Many clinical data models are relatively simple and consist of name/value attributes; names or values may often come from standard medical ontologies defining medications, treatments or diseases.
Assay models
Assays are usually leaf models at the very bottom of the data hierarchy, attaching to the biospecimen or compartment models. Assay models might involve large, high-throughput datasets generated by complex protocols and machines. In addition to containing the raw output from the machine (e.g. a fastq file from a sequencer), the format of these models is typically determined to match the output of a corresponding processing workflow which operates on the raw data to produce a more suitable analytic intermediate.
Pool models
Often individual assays may be grouped into batches for processing, e.g. a plate of RNA sequencing, a microarray of tissue cross-sections, or a pool of single cells. These pool entities may combine information from multiple subjects, and so do not attach into the “backbone” models of the project; instead they are parented directly to the project
model and collect the assay model, while the corresponding assay contains a link to the pool model but remains parented to the backbone. E.g., for an sc_seq_pool
of sc_seq
assays, we might have: sc_seq_pool { parent :project, collection :sc_seq }, sc_seq { parent :subject, link :sc_seq_pool }
To create a pool or batch model, use “Add Model” to add the new model below the project model. Then use “Add Attribute” to add a collection attribute pointing to the releant assay, with a reciprocal ‘link’ attribute in the assay model. Finally, use “Copy Attributes” to copy the attributes for the pool model from the corresponding template project model.

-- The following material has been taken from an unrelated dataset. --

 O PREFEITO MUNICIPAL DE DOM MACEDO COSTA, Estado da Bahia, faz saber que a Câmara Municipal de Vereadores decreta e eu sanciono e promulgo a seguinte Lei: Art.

Adding additional attributes
Project models, even when copied from a template, may be added to. Each project has its idiosyncracies requiring novel data fields not present in the template, such as alias identifiers from external collaborators, project-specific sample or assay QC, etc. We may add attributes to a model at any time using the “Add Attribute” button.
Creating a new data model
Science is endlessly inventive, and you will inevitably encounter a new data type unrepresented by a template model. Creating a new assay model can be challenging and involves understanding the format of the raw assay data, how it is processed, and what pieces of processed data are relevant for analysis. Subsequently you can define the list of attributes capturing the relevant data.